* WORK ORDER *
The answer is the exact run of lines in the listing below from the line containing "Edgar Allan Poe's" up to and including the line containing "Lacoste Swimwear Lacoste", with pictures removed.

* EXERCISE DATA *
====
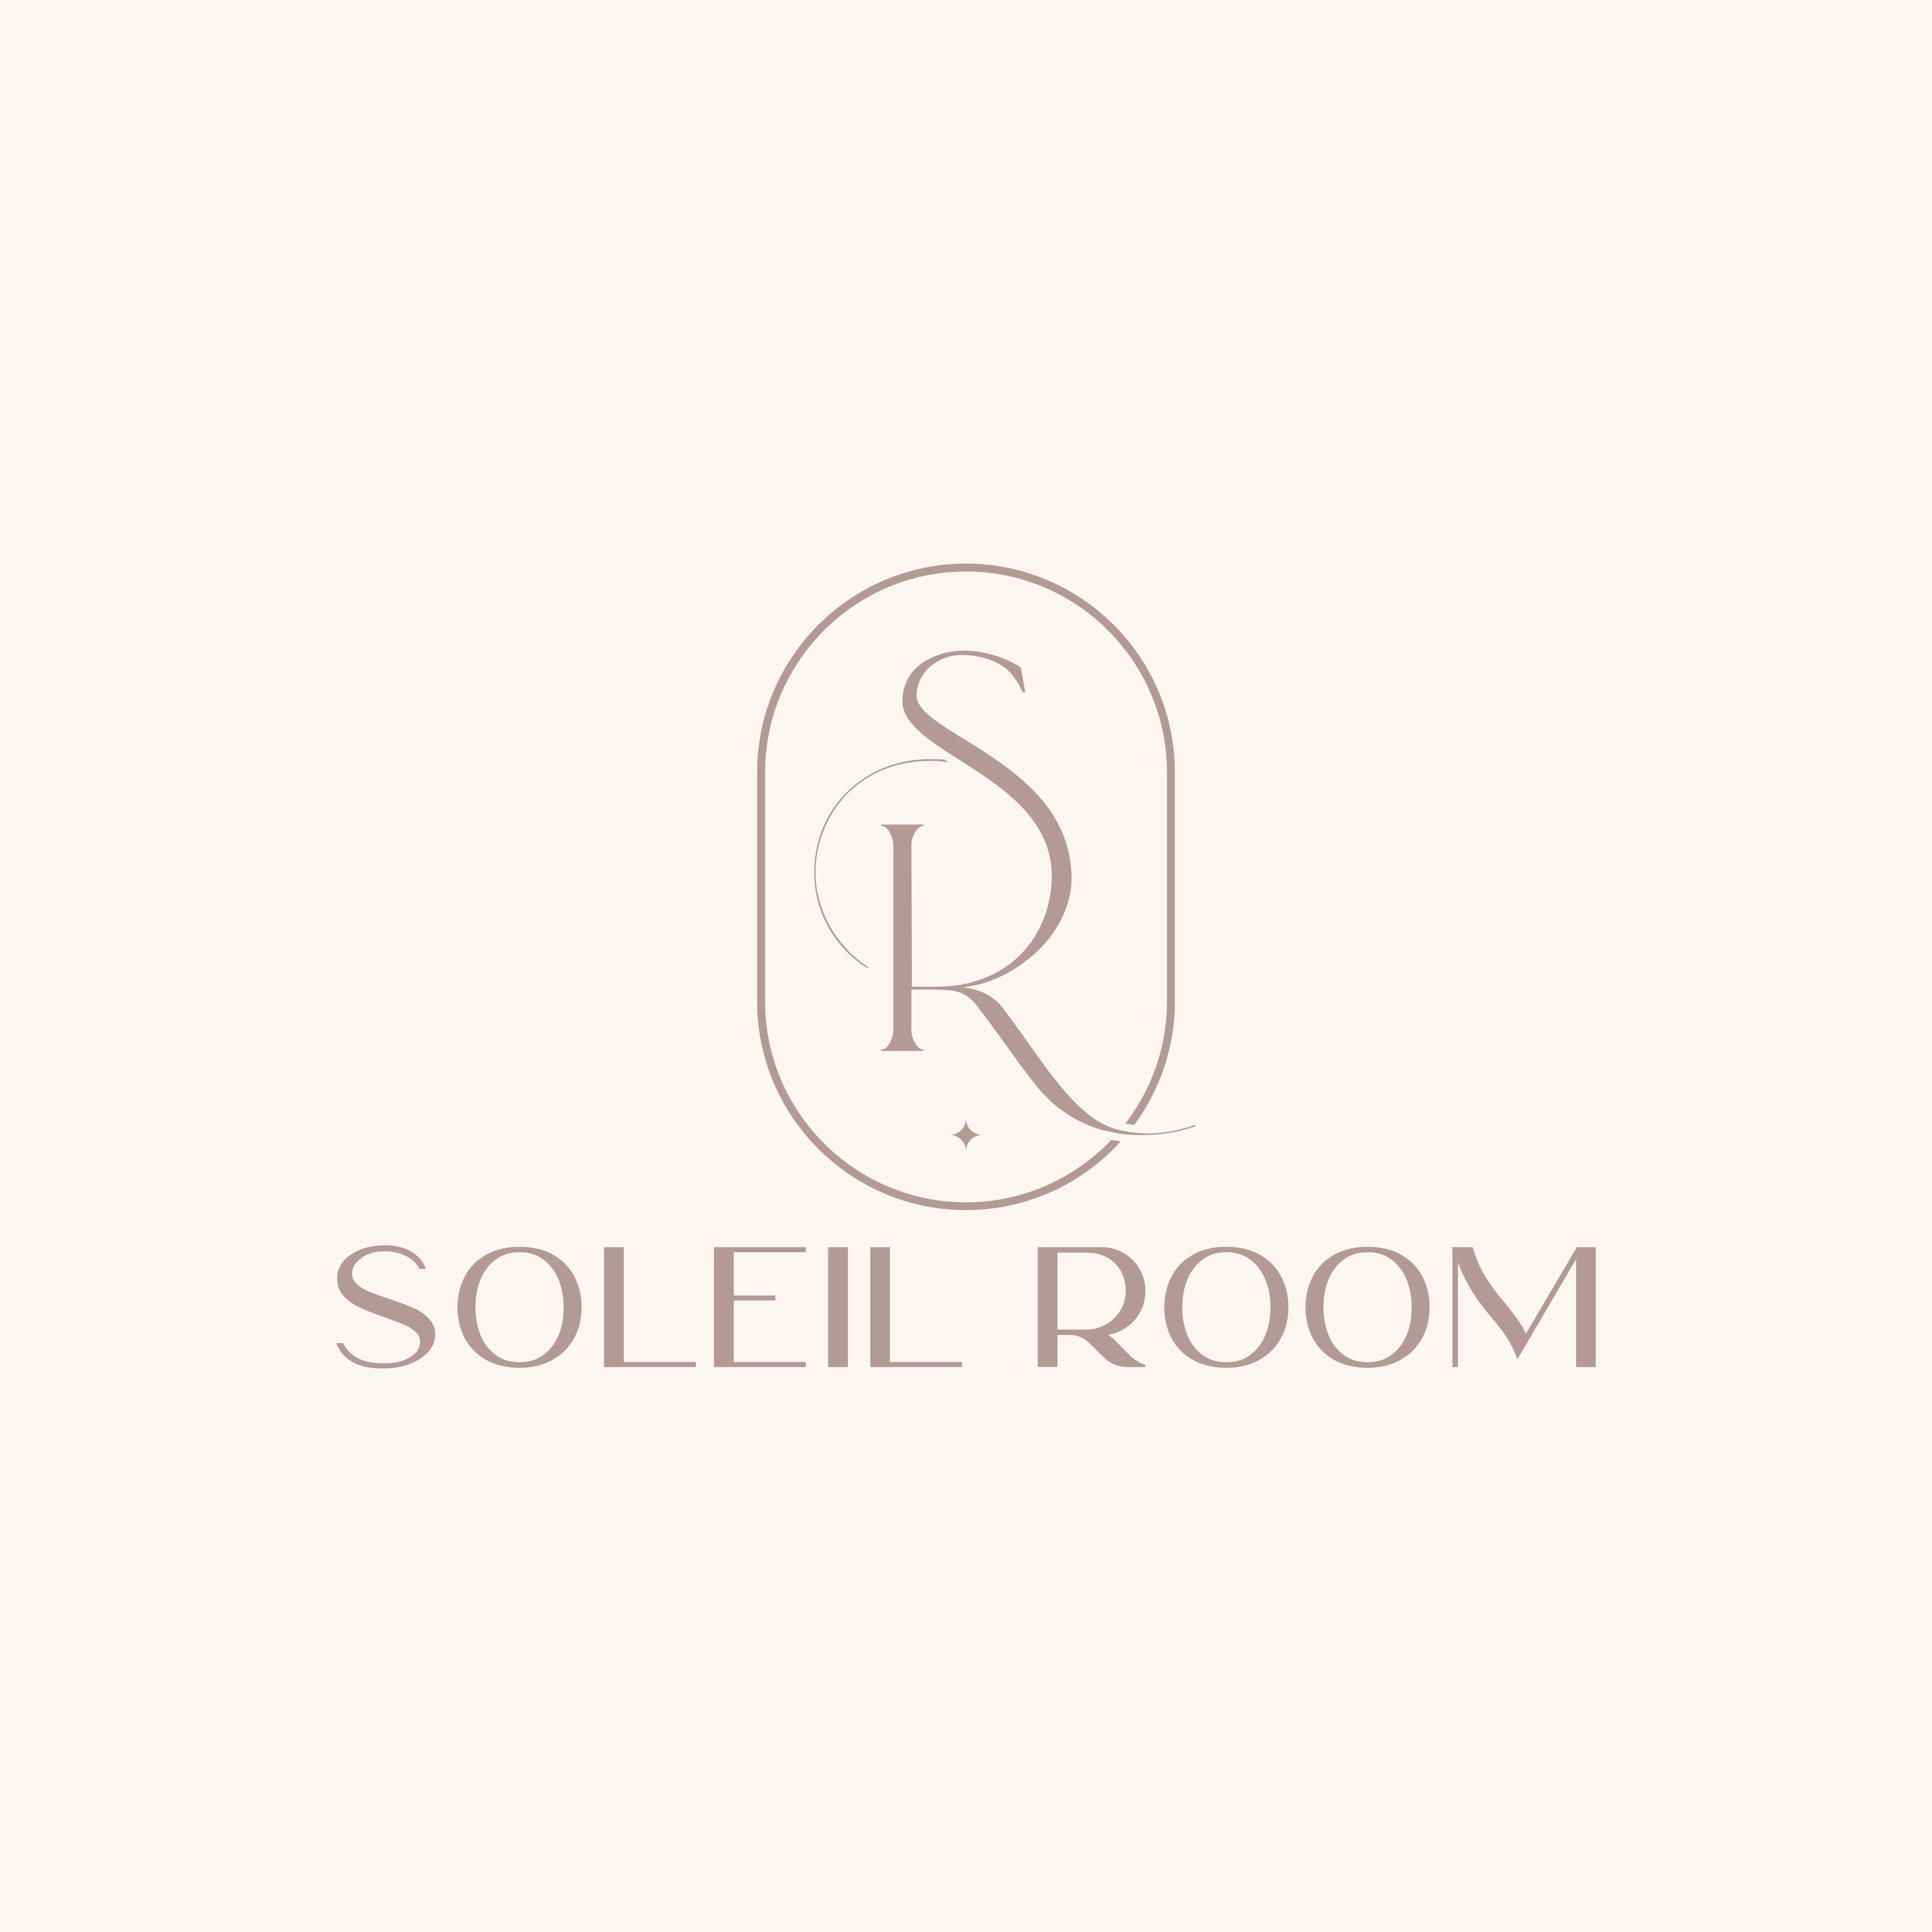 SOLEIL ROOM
====
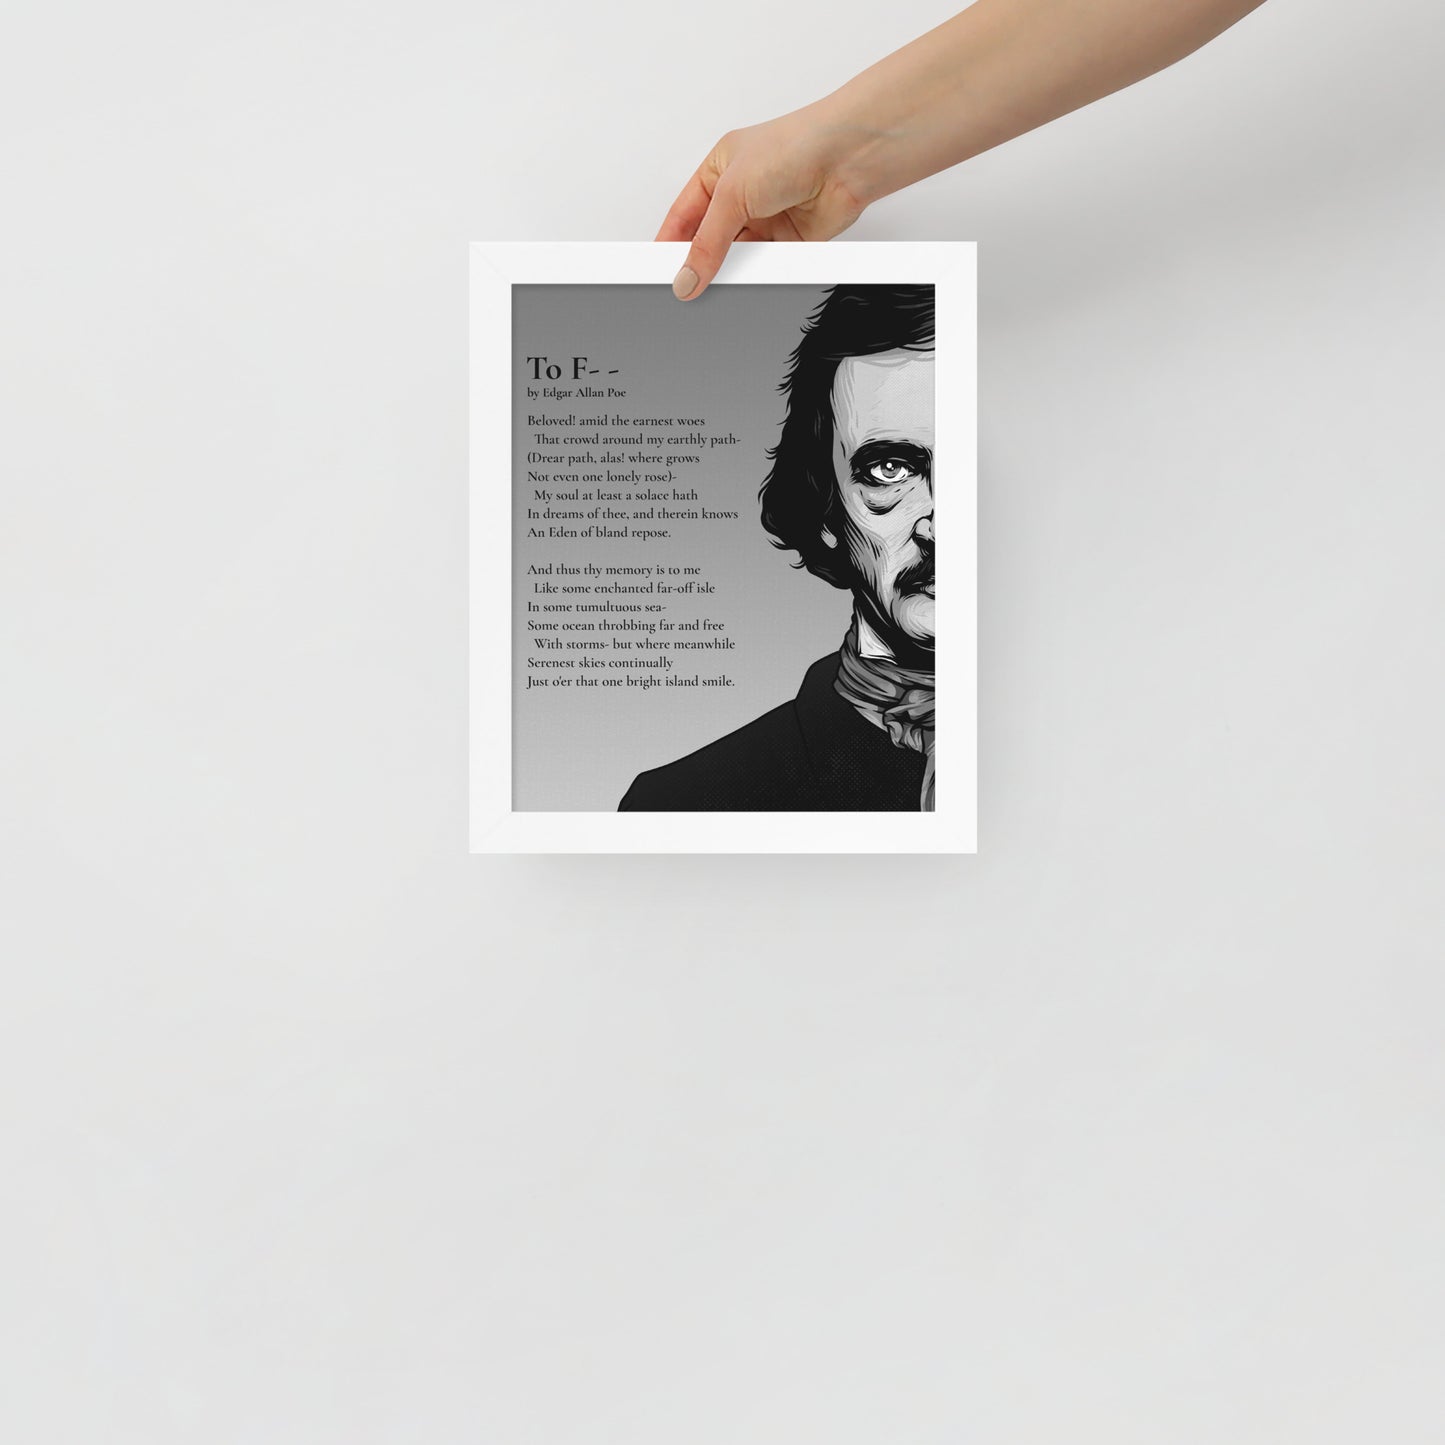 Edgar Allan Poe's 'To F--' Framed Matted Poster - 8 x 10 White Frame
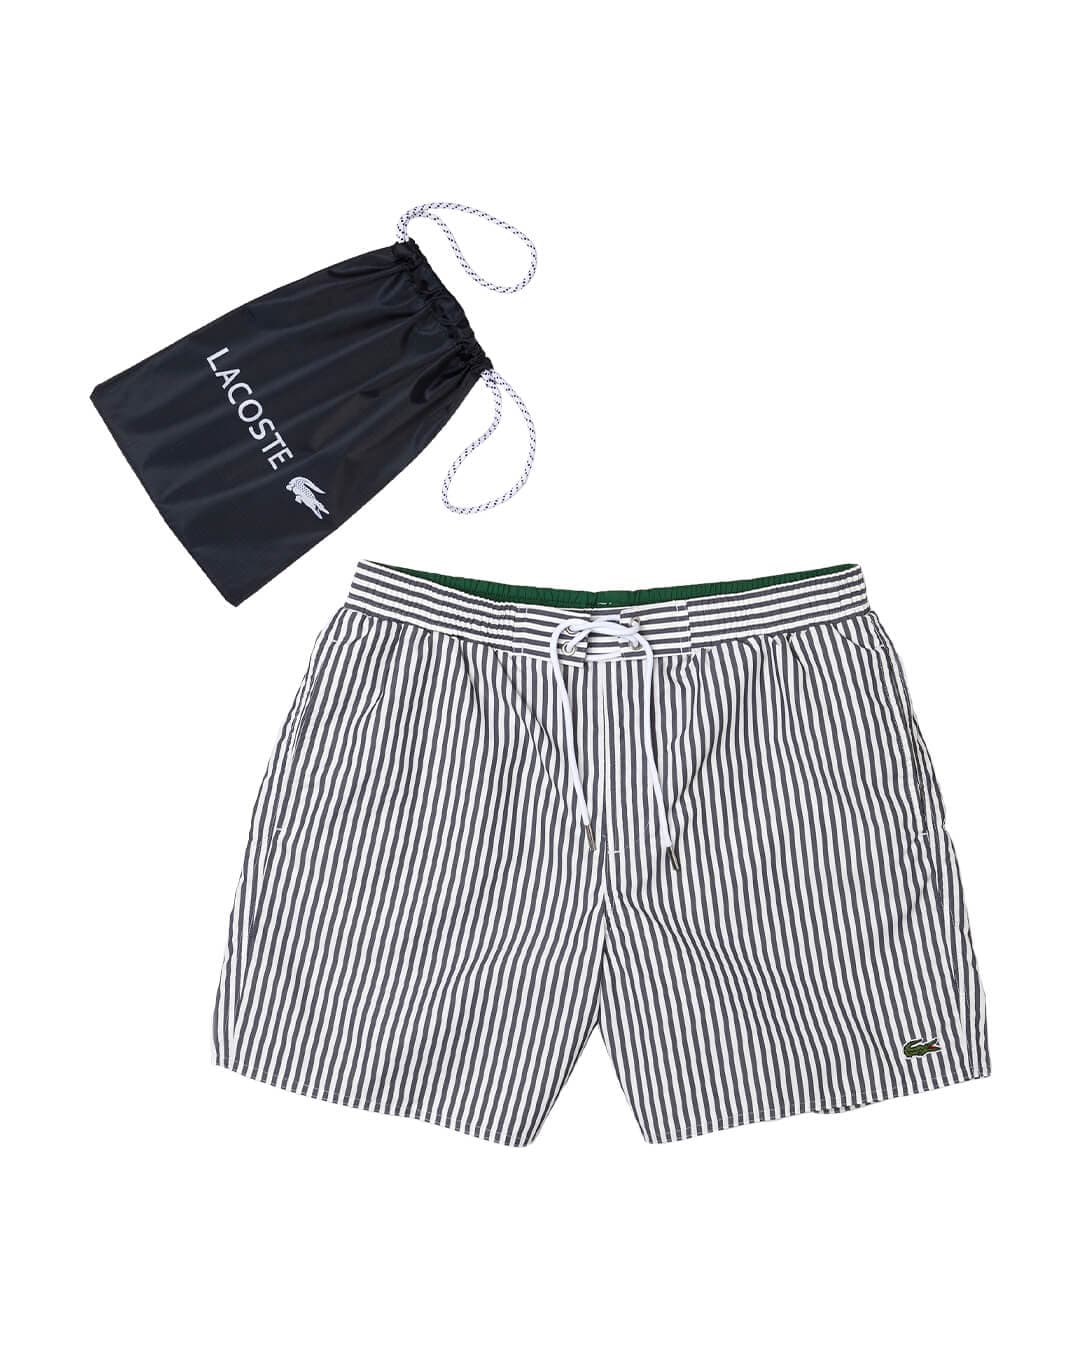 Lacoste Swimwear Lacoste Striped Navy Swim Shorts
====
* RESPONSE AREA *
 Edgar Allan Poe's 'To F--' Framed Matted Poster - 8 x 10 White Frame
 Lacoste Swimwear Lacoste Striped Navy Swim Shorts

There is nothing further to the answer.